Written by Arnold Shields | Mar 6, 2012 5:57:23 AM

A new report from the Commonwealth Bank has found that online retail sales knocked 1.3% growth off traditional bricks and mortar retail businesses in 2011. Other studies have shown expected growth of 12% in online retail.

The real issue for retailers is not what they can do to stop the growth of online retail but how they can take advantage of this growth. There is no excuse for traditional bricks and mortar retail businesses not to have a fully functioning online store.

There are low cost options available for every retailer.

Ebay

The quickest and simplest way to start is start selling on eBay. eBay is a great way to start in the online arena, you can find out which products sell online best, which products have the greatest demand, where the online price points are. eBay is where the buyers are - fish where the fish are.

In your ebay store, you should be testing your headlines, images, product descriptions to see what sells best and for the best price.

  • Can changing the text from product features to product benefits enable you to increase the price.
  • What questions do people ask? The questions will reveal their anxieties about buying your product online.
  • Is there a niche in your market that is not being covered by other online retailers, that you can target?
  • Can you just get rid of the slow moving stock?

The major problem with eBay is that you don't own it. You are therefore need to create an online store you own.

Setting Up Your Own Online Store.

Ideally you want to own your own store (ie domain name) that you have control of and build up into something you can sell.

Assuming you have your own domain name. You will need to have a platform to run your online store.

Some recommended ecommerce platforms  are:

  1. Wordpress.org and wp-ecommerce plugin. A really simple solution using the most popular CMS website platform in the world with a simple plugin that enables you to sell products and collect cash. You can get designers to quite cheaply set up your site.
  2. BigCommerce.com - an Australian company that is making some big inroads into the market. It is a hosted solution which means that it sits on their servers but your domain name.
  3. Magento.com - a open source ecommerce platform that handles some really big sites. It can be complex to set up. They have hosted and self hosted versions.

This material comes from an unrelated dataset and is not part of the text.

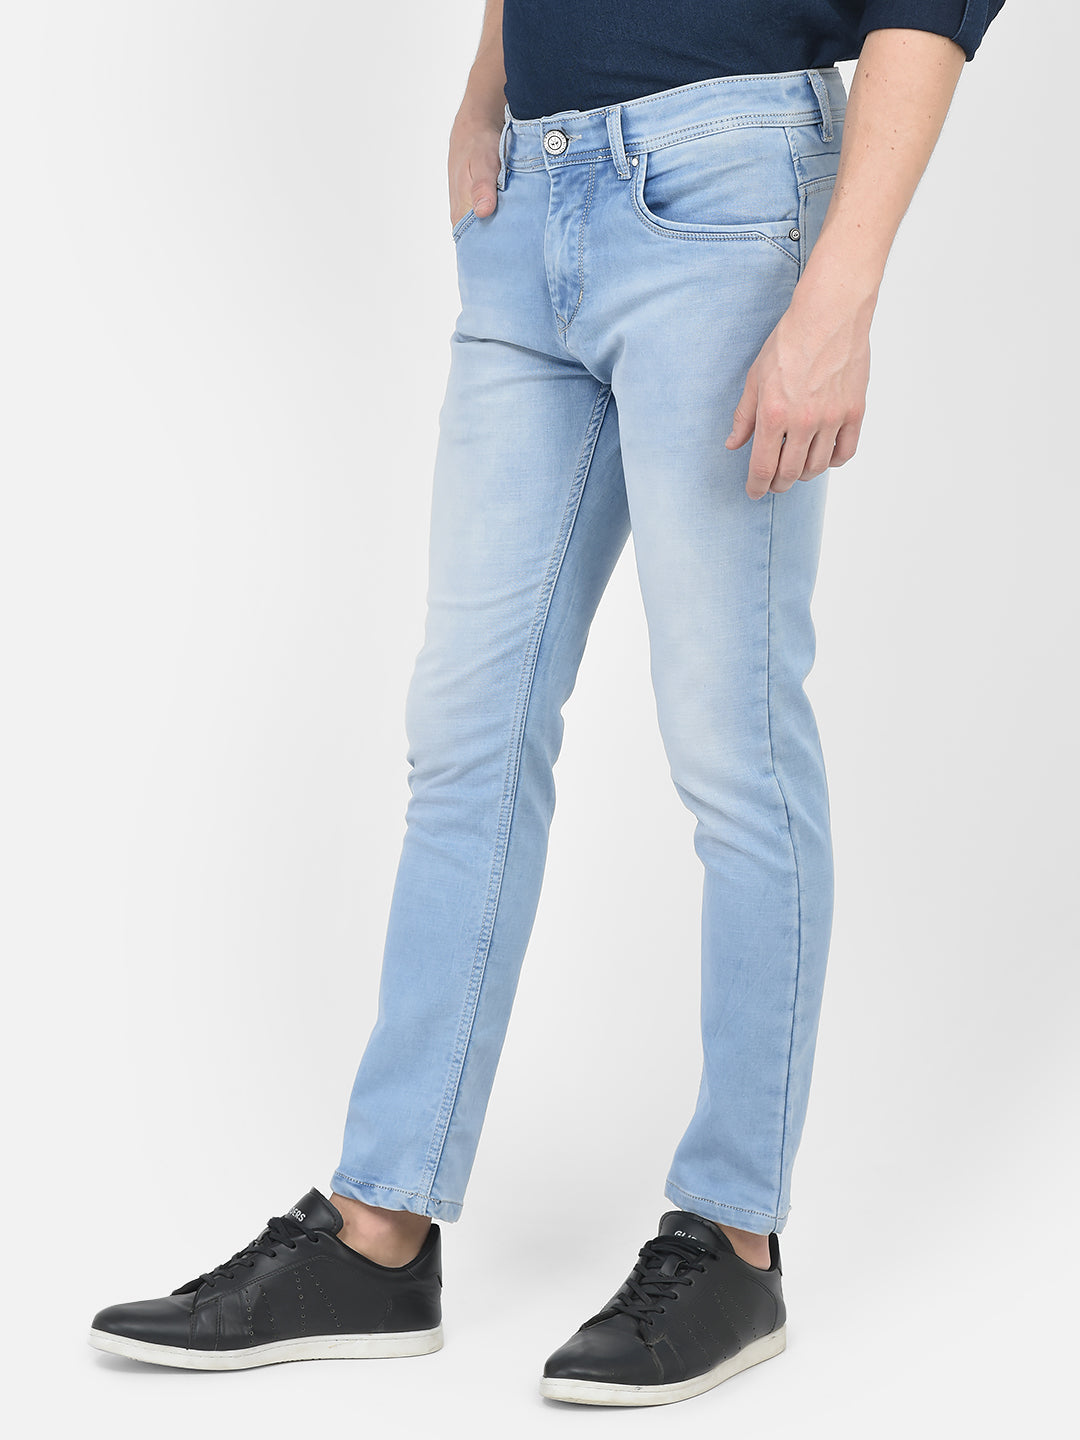  Blue Straight-Legged Jeans

Most bricks and mortar retailers are stopping before they get to the first step - just getting started and learning the ropes. It will not get any easier, but many retailers  probably have all back end already (stock, suppliers, staff, marketing material, trust, an existing customer base).

Learn the process via eBay sales and use that experience and testing on your own online store. The internet means that quite small niches can become viable businesses if they find where that niche is.